- _Aim of the task_:
Drop the pictures and extract exactly the lines from the one that contains "Barry Wang Green" through the end of the material.

- _Available data_:
Segment Open

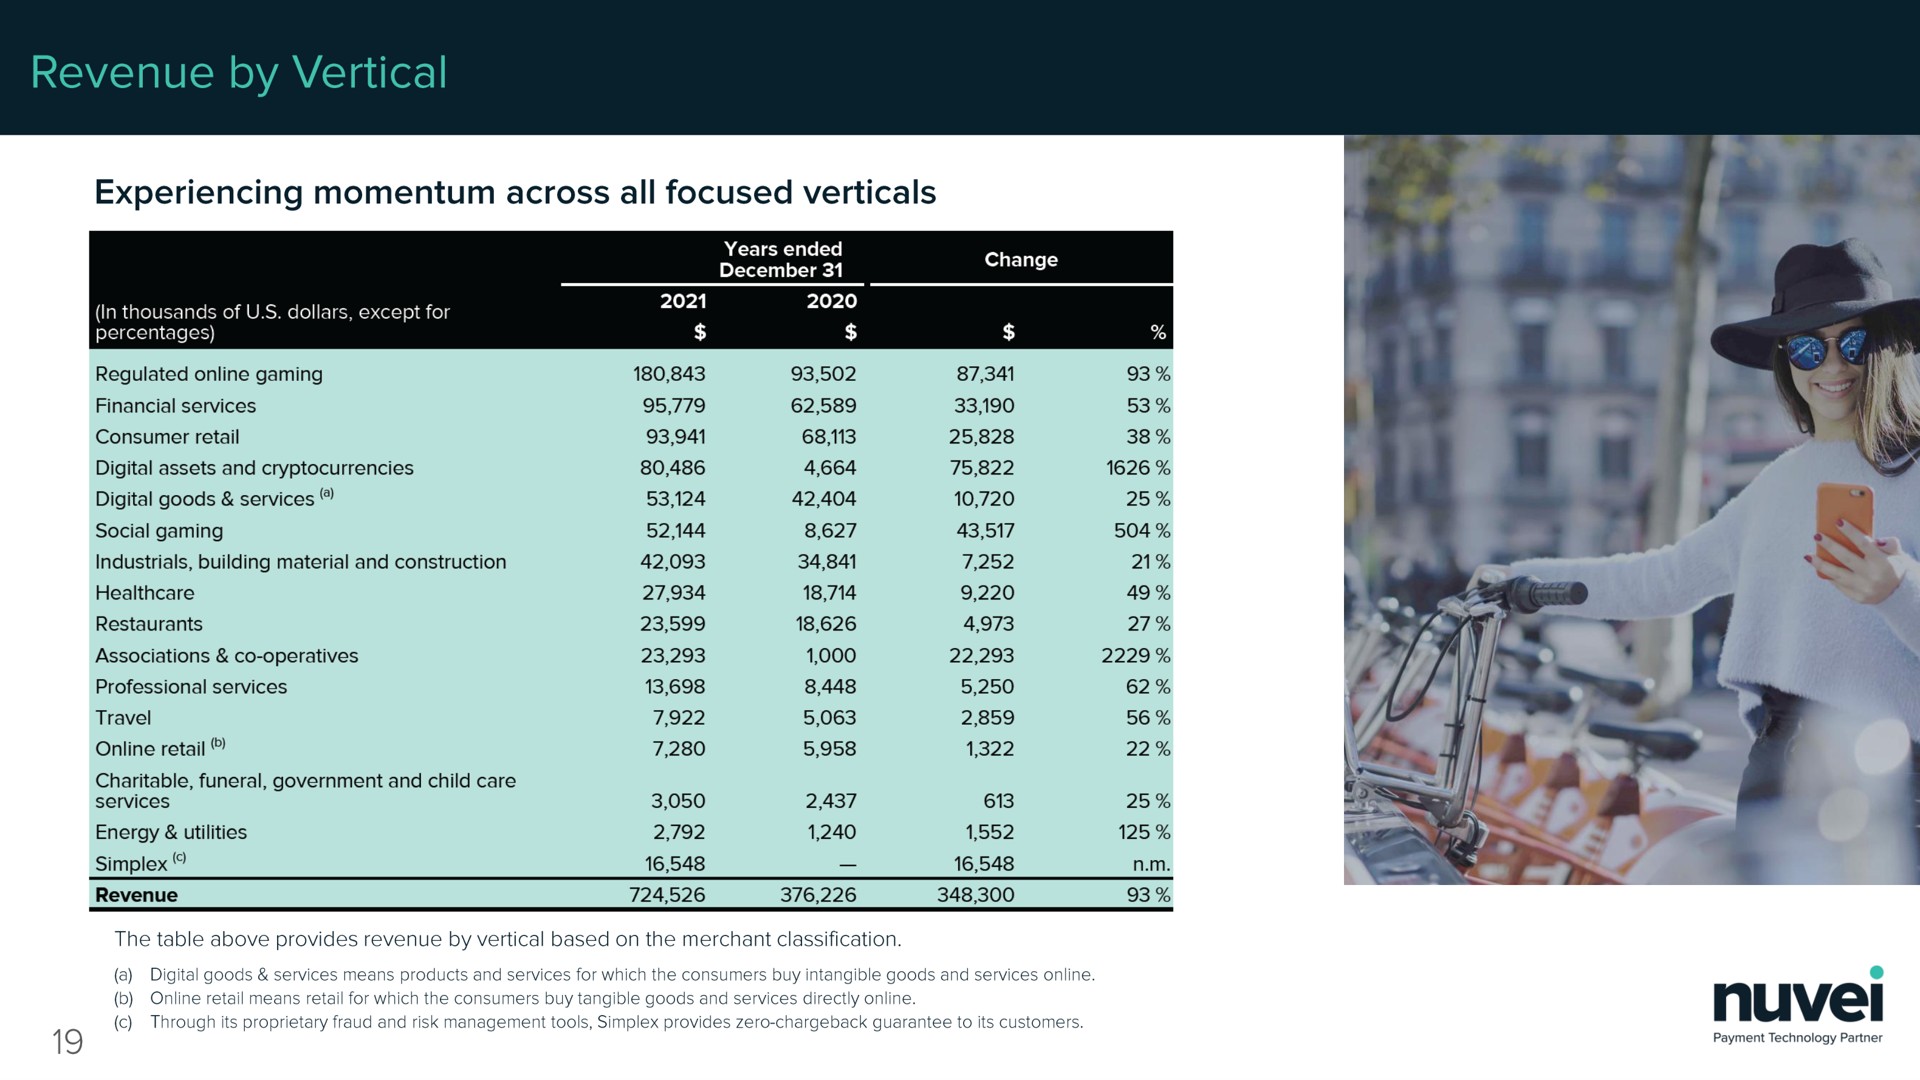 revenue by vertical experiencing momentum across all focused verticals | Nuvei
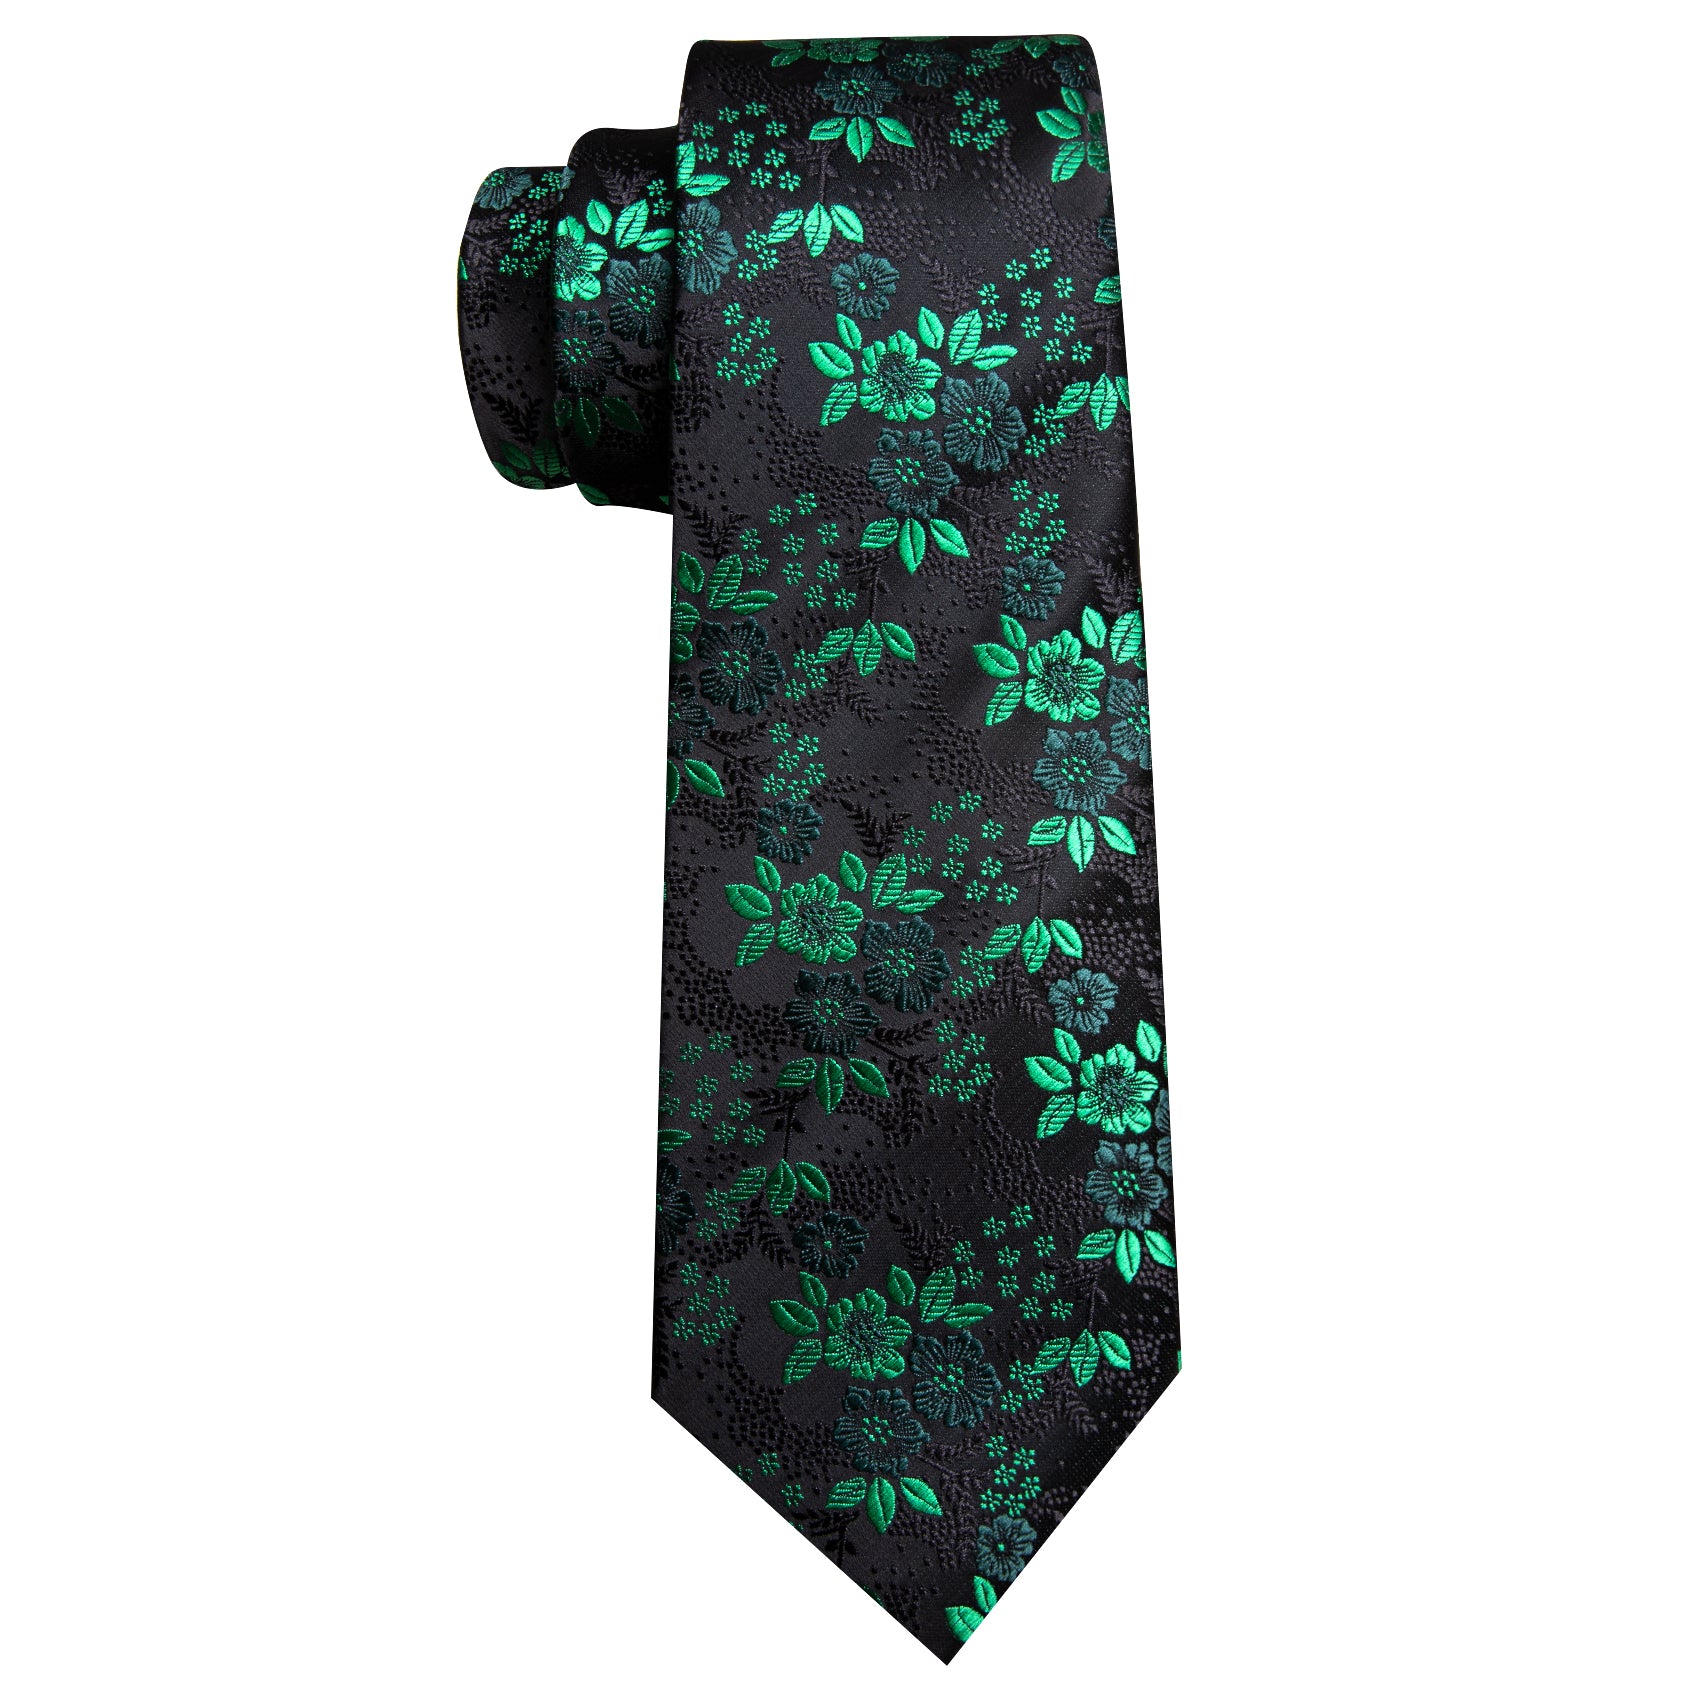 Barry Wang Green Black Floral Silk Tie Pocket Square Cufflinks Set
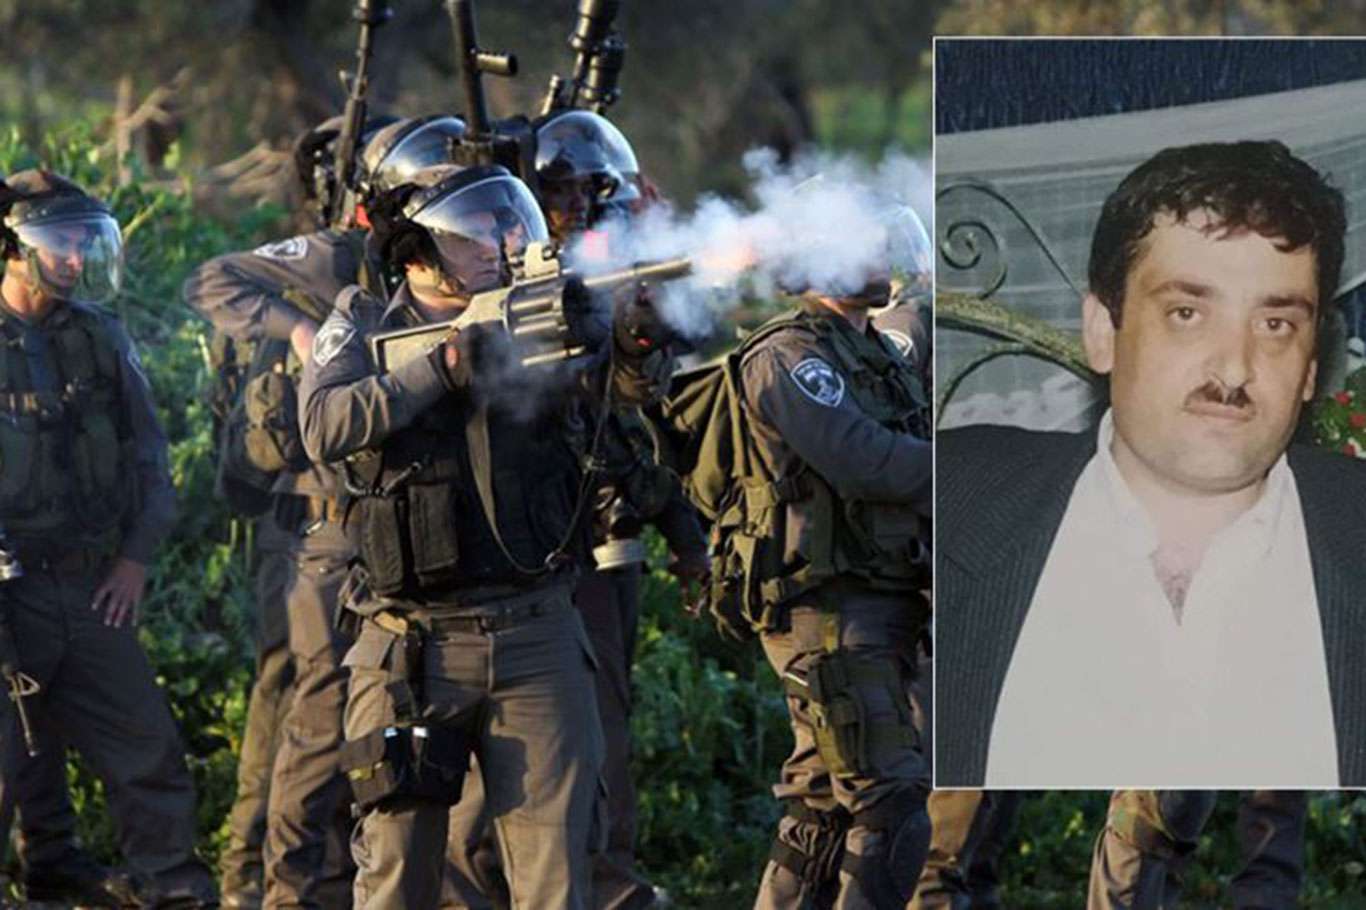 Palestinian dies of tear gas inhalation in Qalandia camp
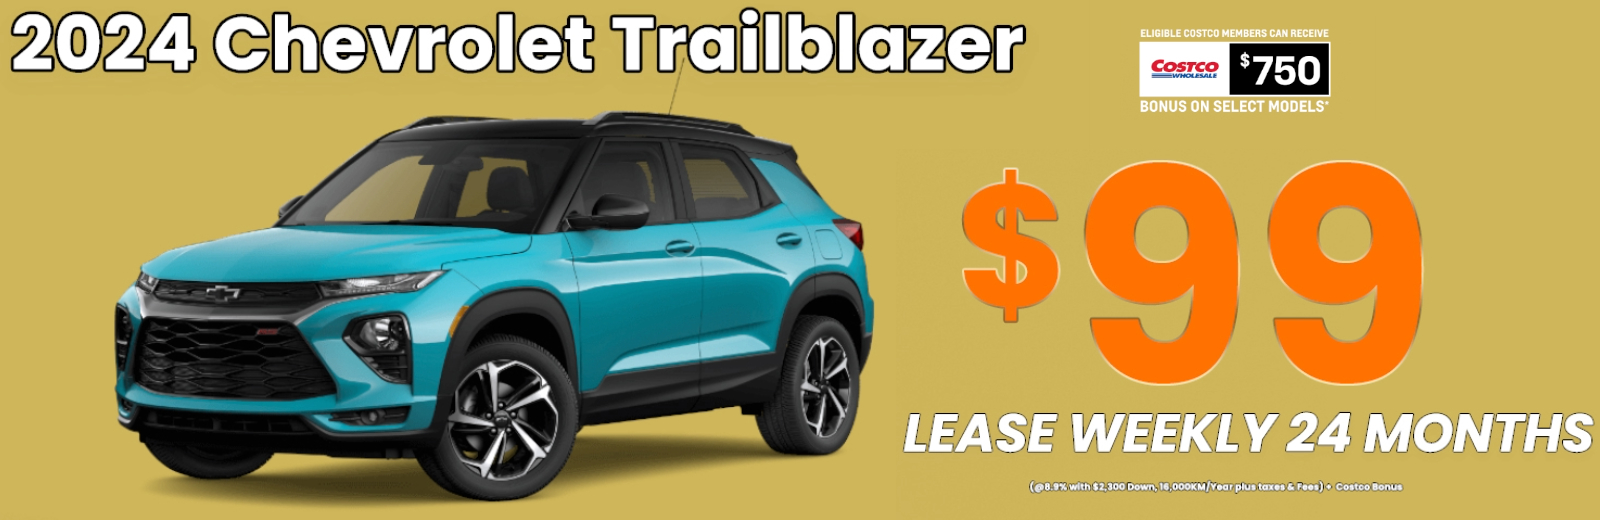 Chevy Trailblazer Lease Offer

Segment Closed

- _Problem solution_:
 Barry Wang Green Black Floral Silk Tie Pocket Square Cufflinks Set
 Palestinian dies of tear gas inhalation in Qalandia camp
 Chevy Trailblazer Lease Offer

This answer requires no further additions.